Question

Two numbers $x$ and $y$ are chosen at random without replacement from the set $1,2,3,...,5n$.The probability that $x^4-y^4$ is divisible by $5$ is $\frac{(6k-1)n-5}{5(5n-1)}$. Find the value of $k$?

Answer 1

$x^4-y^4$=$(x^2+y^2)(x-y)(x+y)$

Let us consider five sets $(5k,5k+1,5k+2,5k+3,5k+4)$.
Case I: $(x-y)$ is divisible by $5$.
Elements are to be selected from the same set. ${5.}^n{C}_2$ ....(1)

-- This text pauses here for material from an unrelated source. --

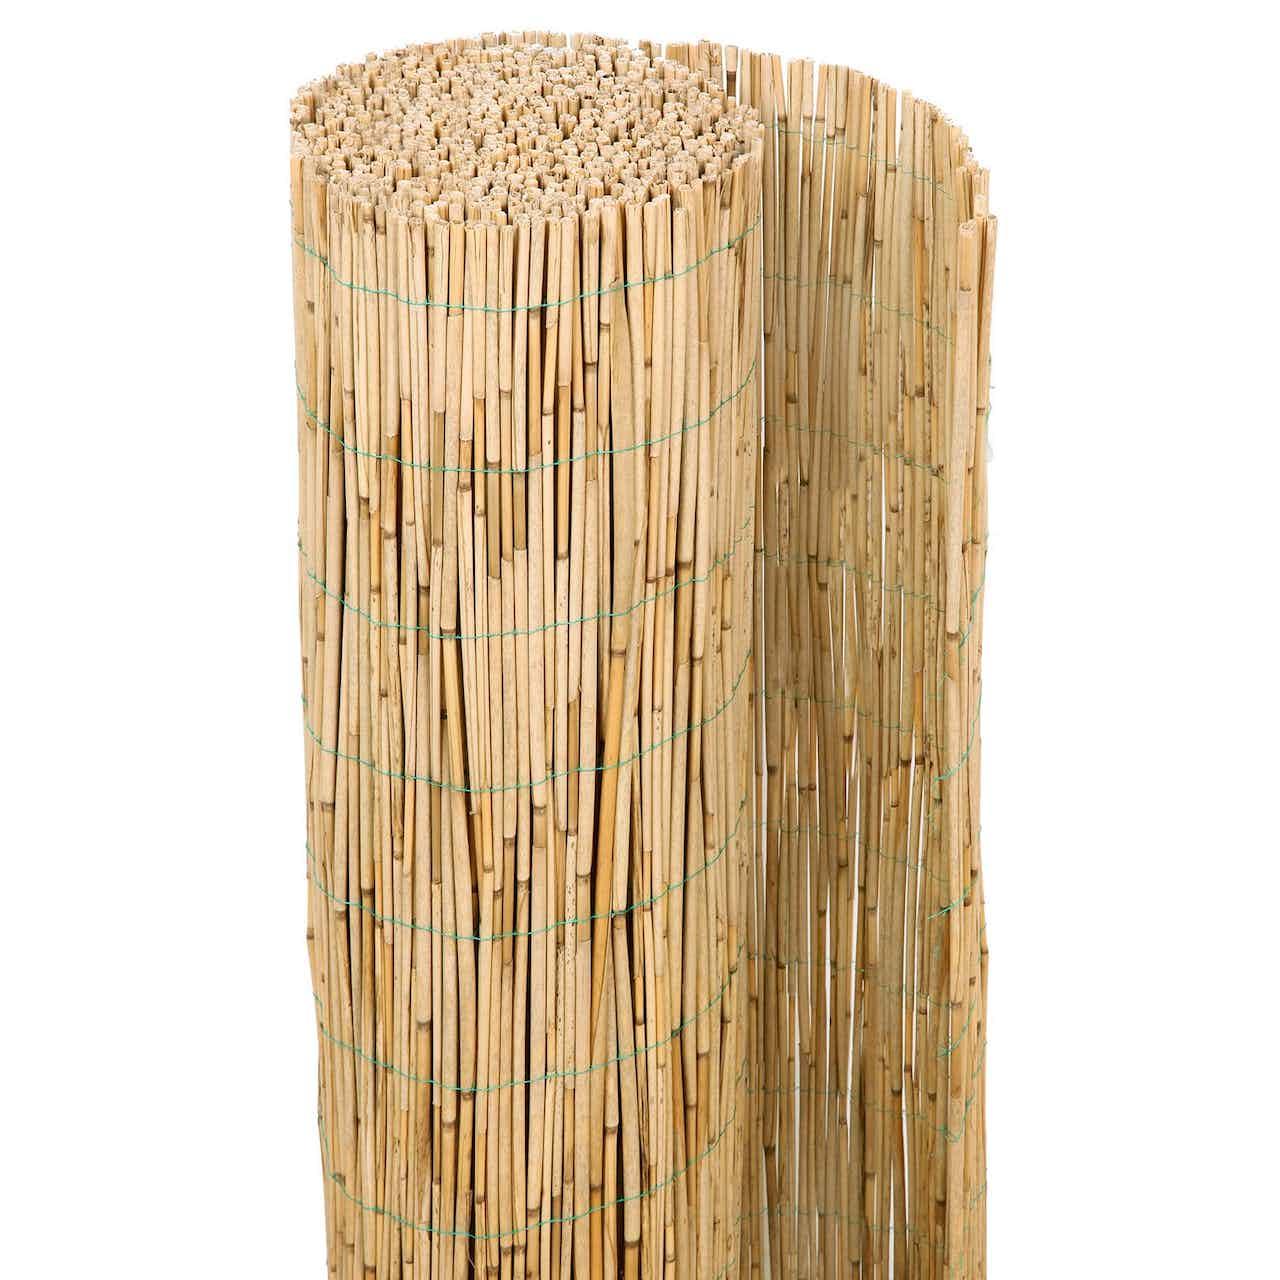 Schilfrohrmatte 100x600 Cm Kaufen Bei Obi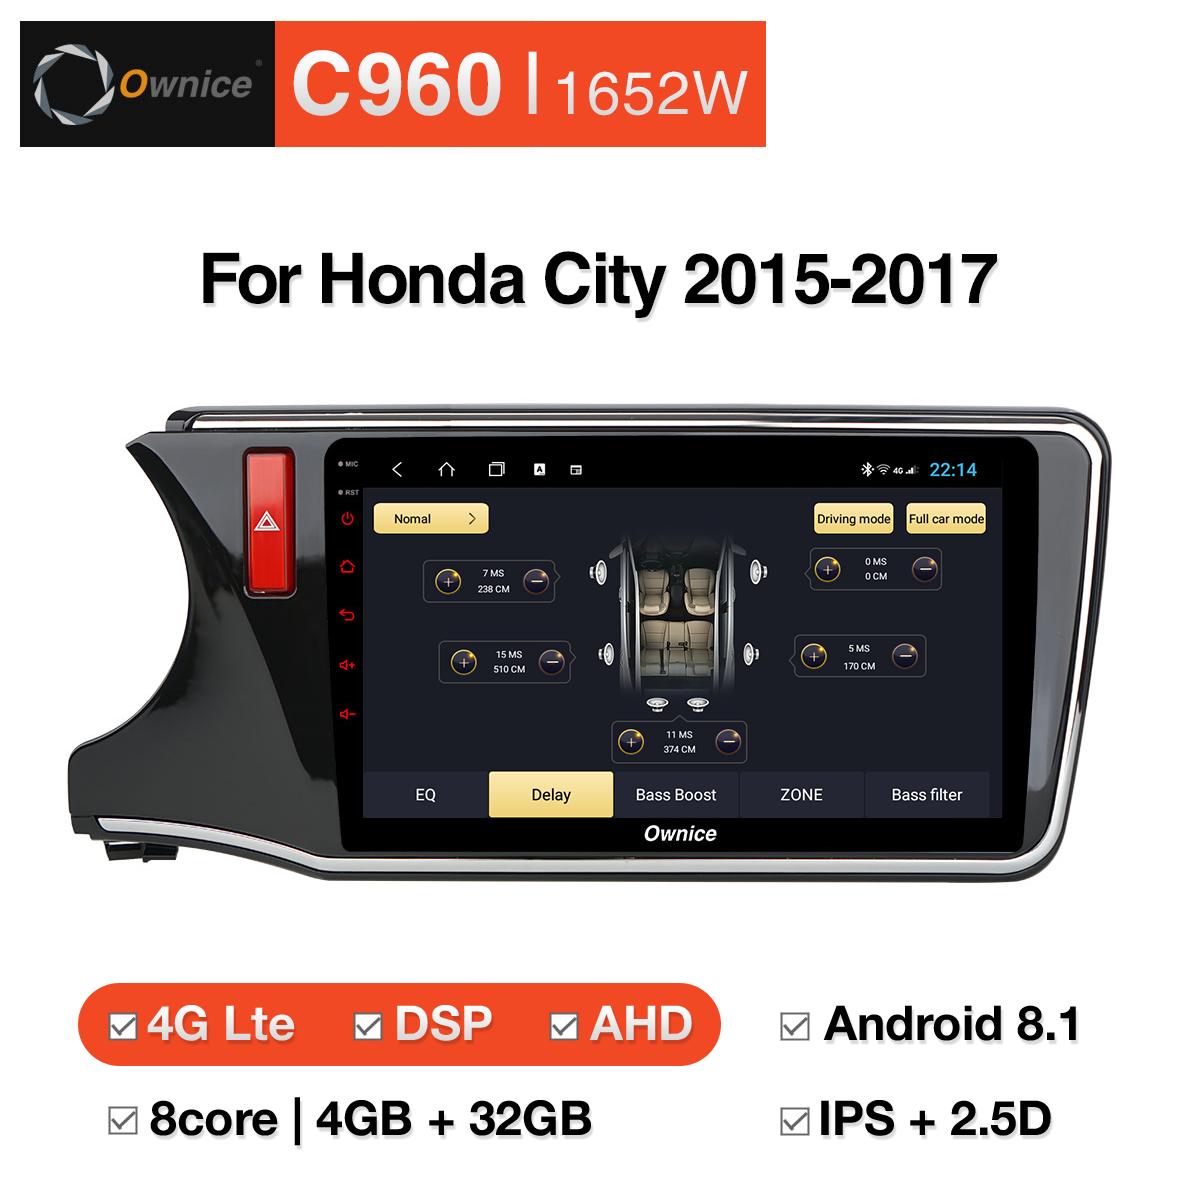 Đầu DVD android Ownice C960 cho xe ô tô Honda City 2015-2017

Case II: $x+y$ is divisible by $5$ but $x-y$ is not divisible by $5$
It can be done from $(5k+1,5k+4)$ or $(5k+2,5k+3)$.
Total ways $=2n^2$ ....(2)

Case III: $x^2+y^2$ is divisible by $5$ but $x-y$ or $x+y$ is not divisible by $5$ ...(3)

Type	Remainder of Square
$5k$	$0$
$5k+1$	$1$
$5k+2$	$2$
$5k+3$	$3$
$5k+4$	$4$

We can select one number either from$(5k+1,5k+4)$ and the second number from $(5k+2,5k+3)$.
Hence, the number of cases $=2n\times 2n=4n^2$ ................ (3)

Adding (1), (2), (3)

Total number of favourable cases $=\frac{5.n(n-1)}{2}+6n^2=\frac{17n^2-5n}{2}$

Total number of cases $=\frac{5n(5n-1)}{2}$

Probability $=\frac{17n-5}{25n-5}$

Comparing it with the given expression $k=3$.